§ Provided material:
↓↓↓

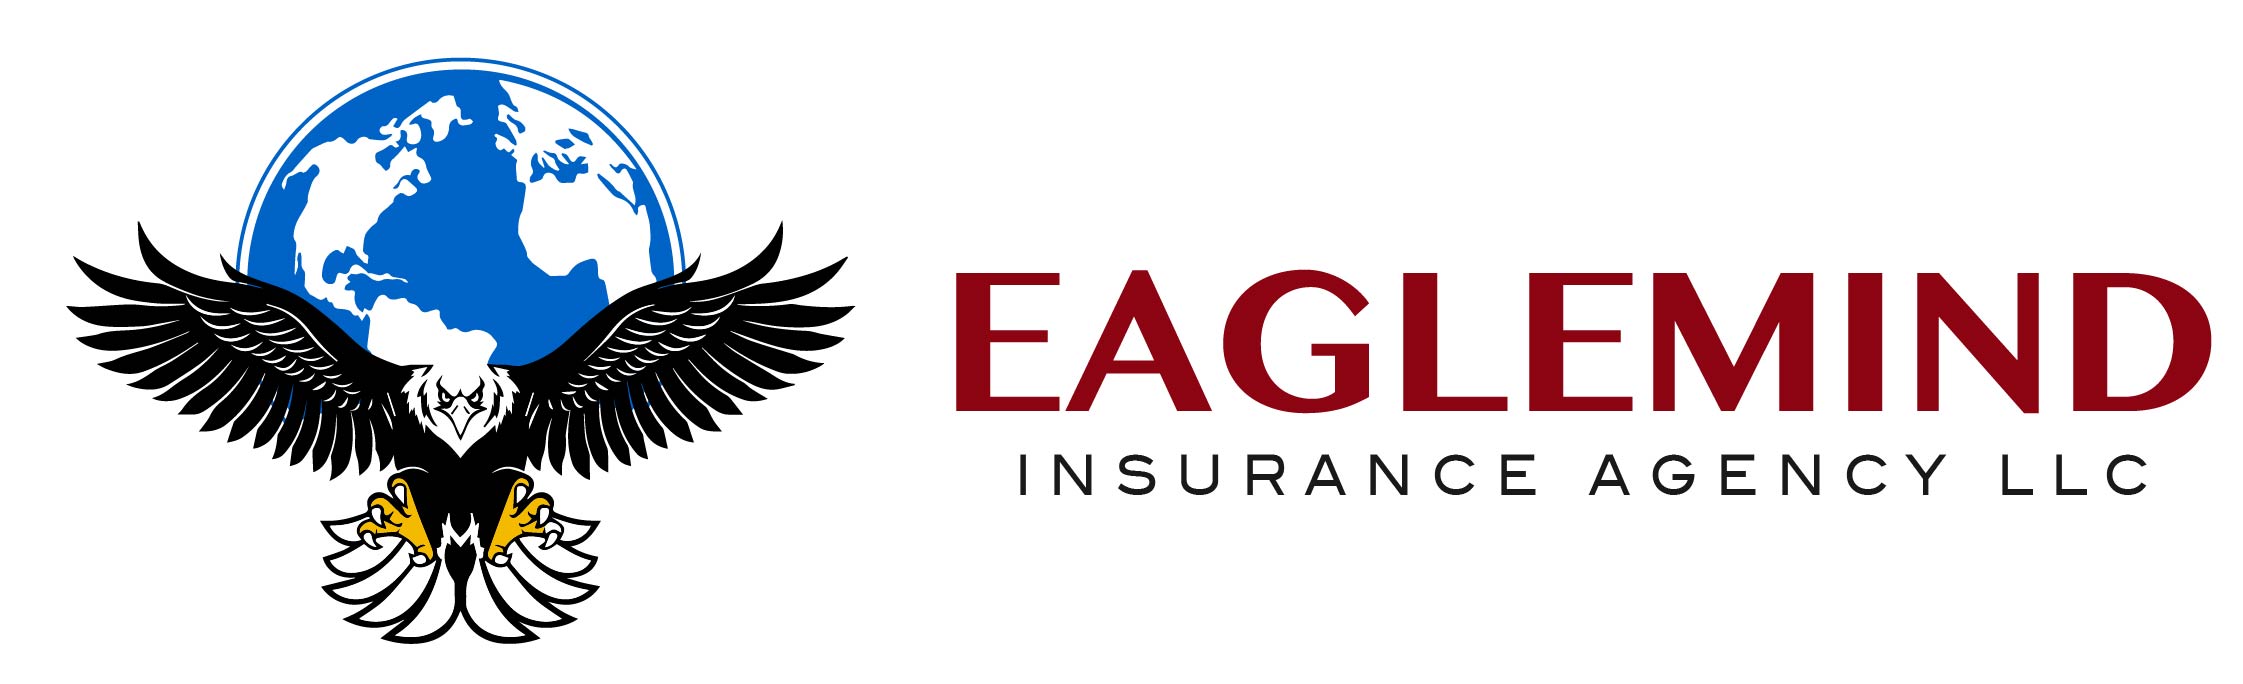 Eaglemind insurrance company
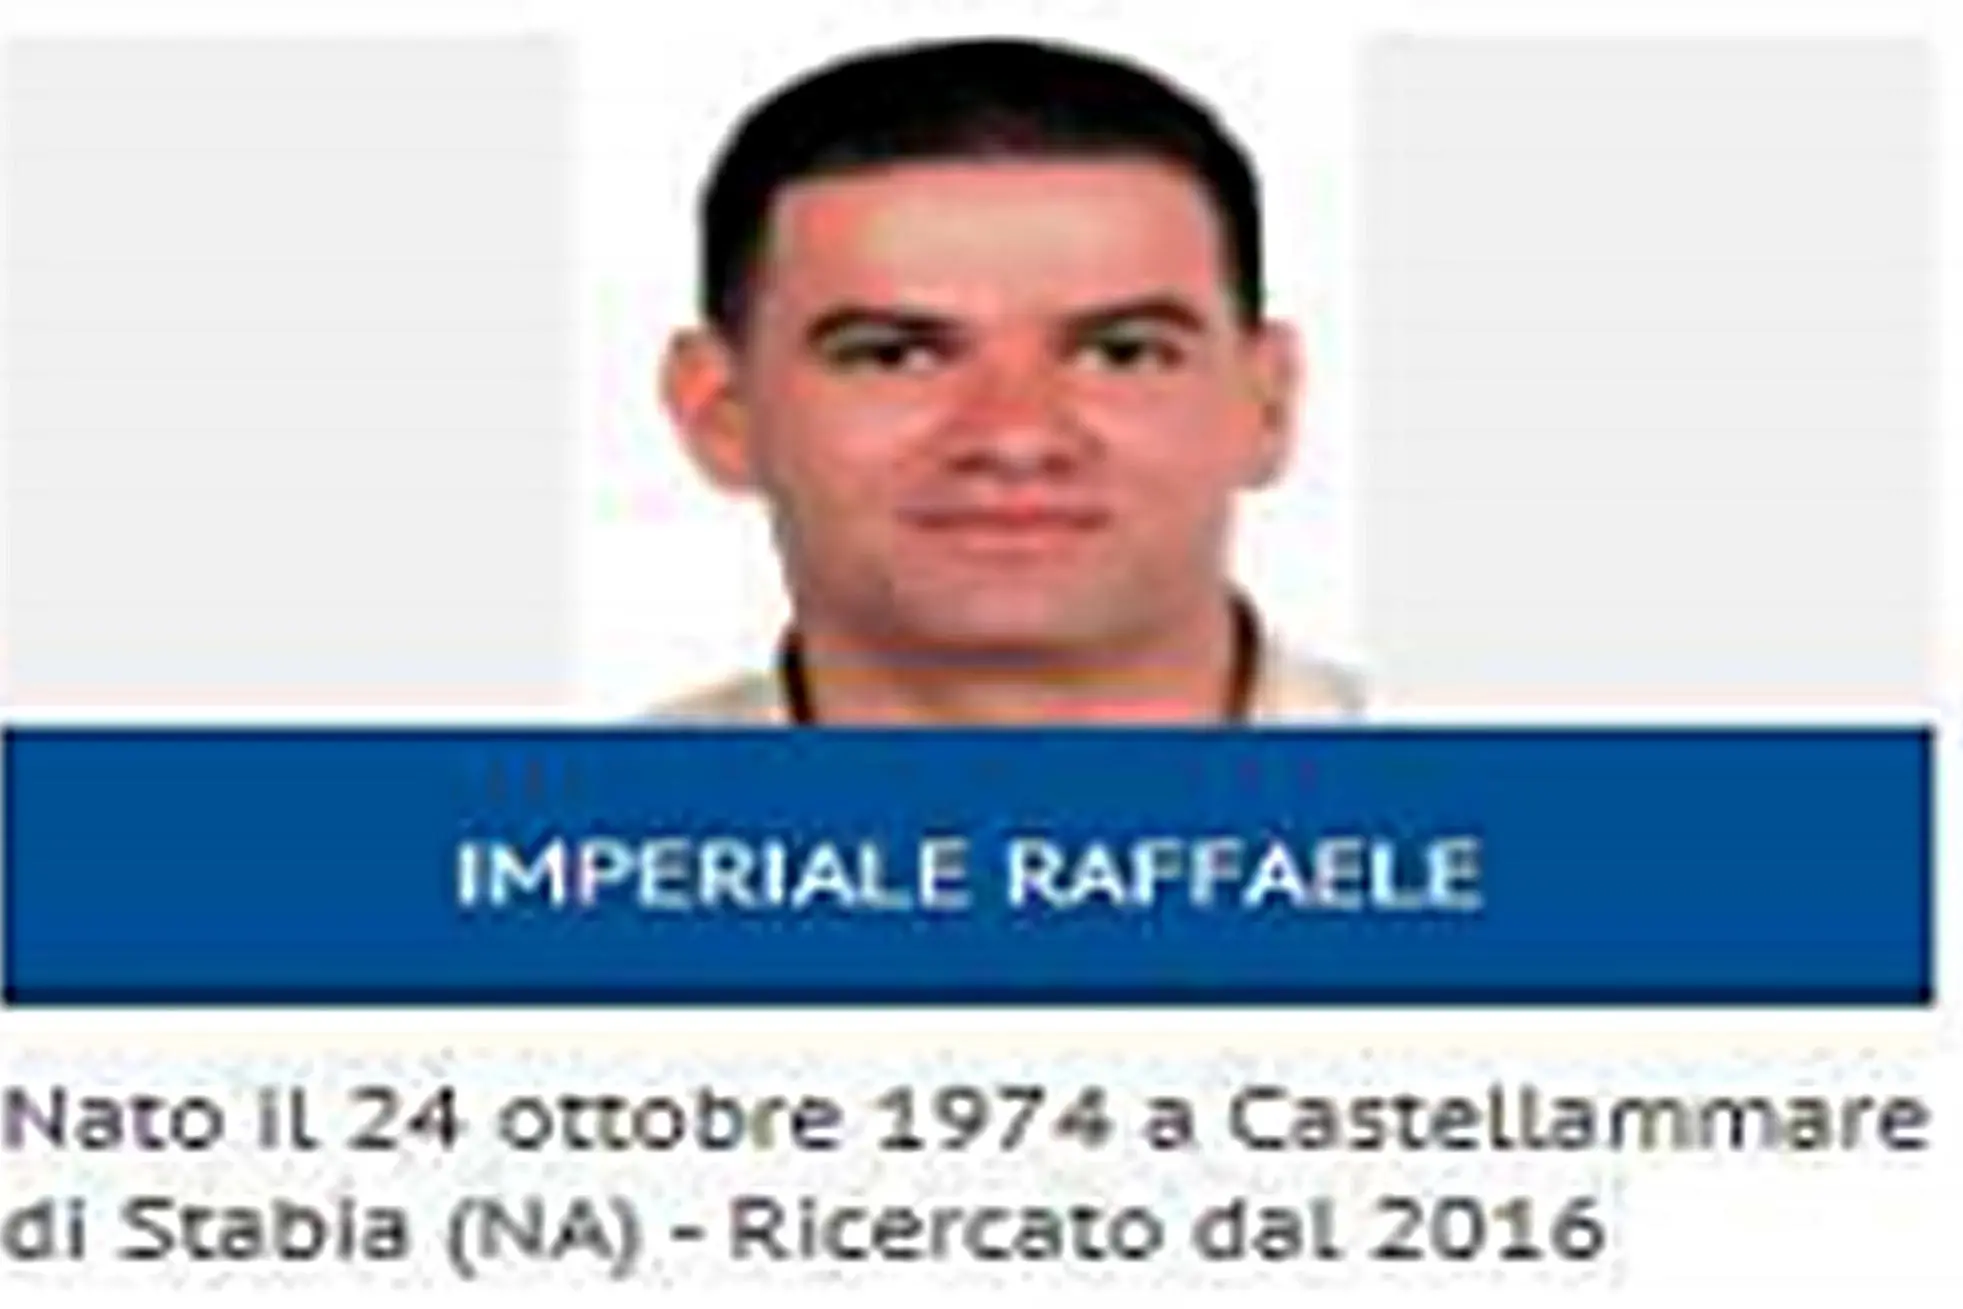 Raffaele Imperiale (Ansa)
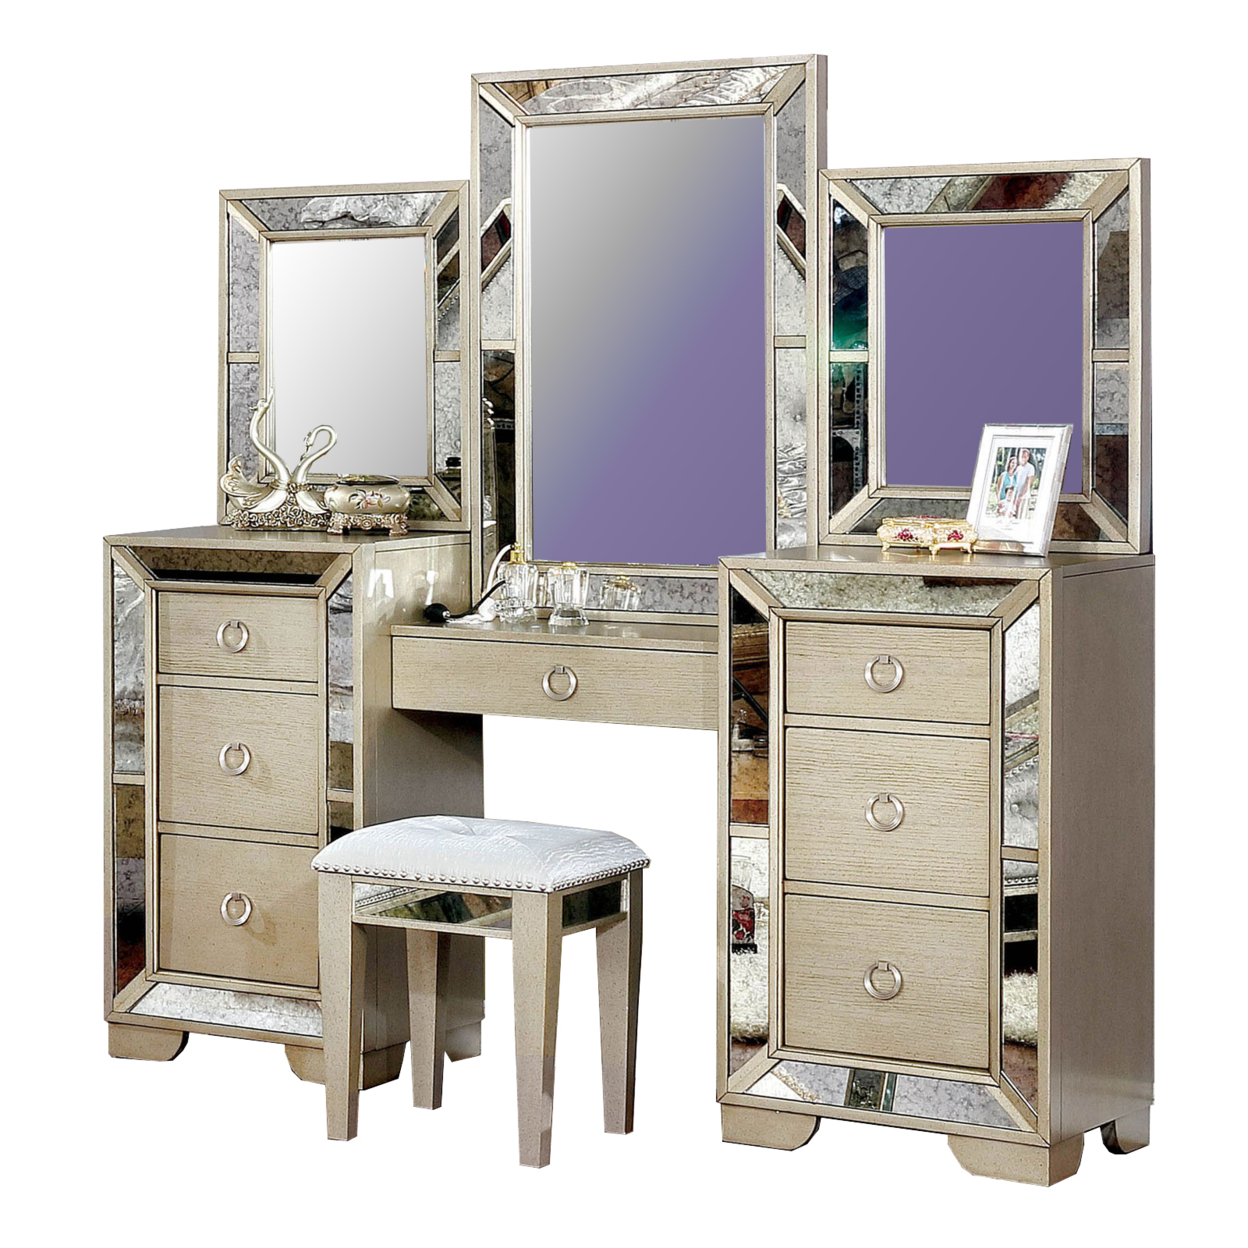 Wooden Vanity Set With Antique Mirror Details And Storage Drawers, Silver- Saltoro Sherpi
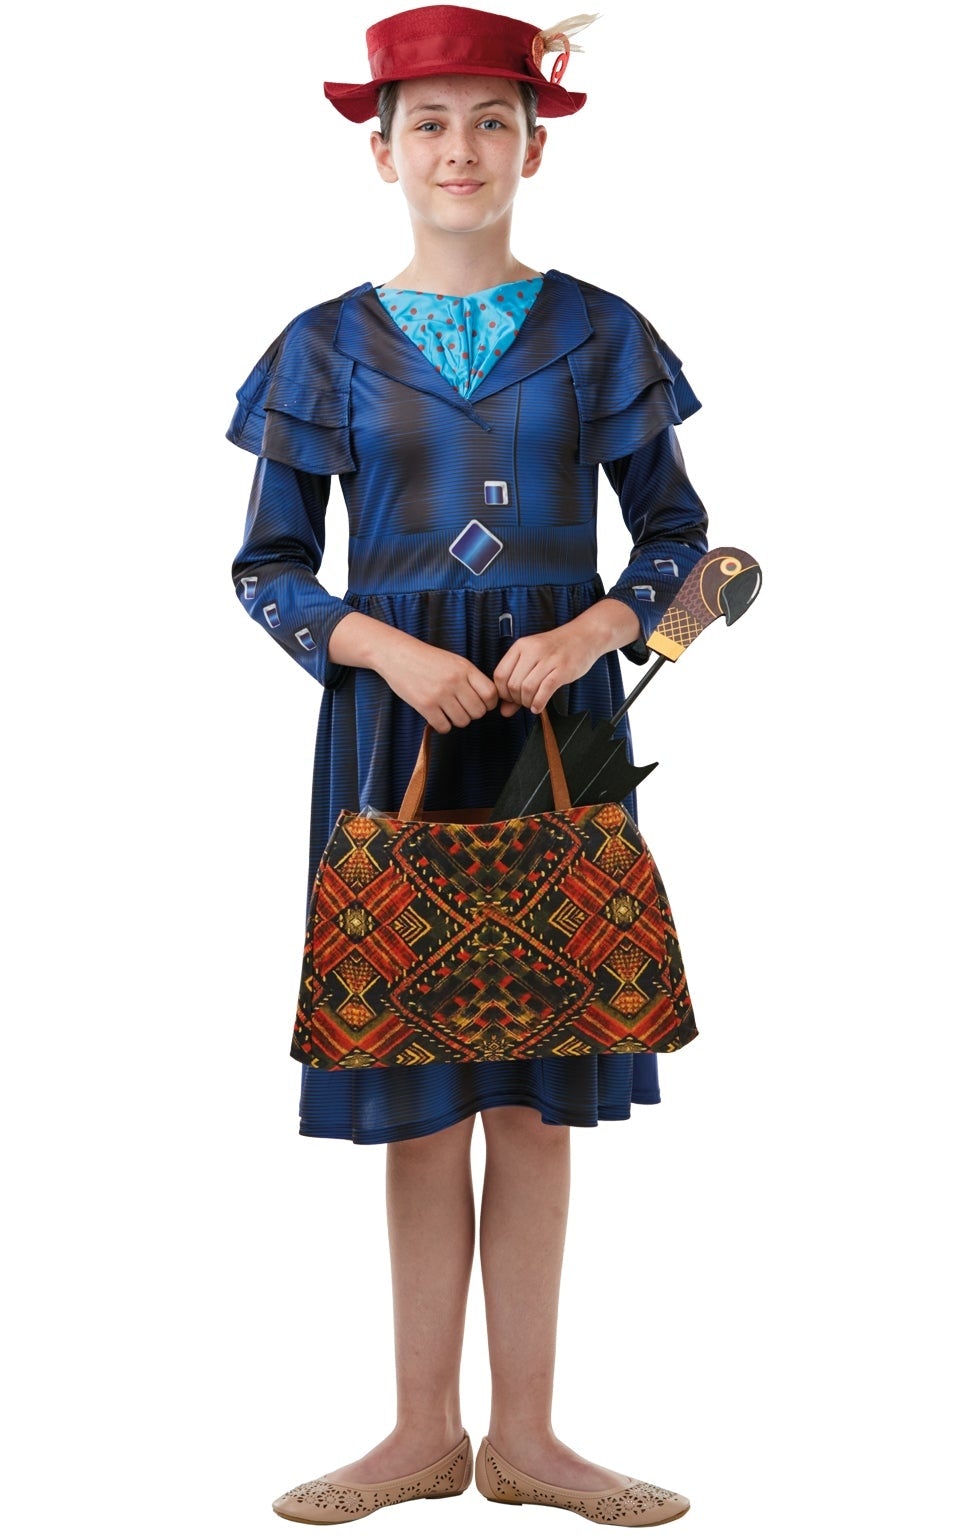 Mary Poppins Returns Costume_2 rub-6406501112

↑↑↑

Please reproduce the listing exactly, leaving out any pictures.

 Eaglemind insurrance company
 Raffaele Imperiale (Ansa)
 Wooden Vanity Set With Antique Mirror Details And Storage Drawers, Silver- Saltoro Sherpi
 Mary Poppins Returns Costume_2 rub-6406501112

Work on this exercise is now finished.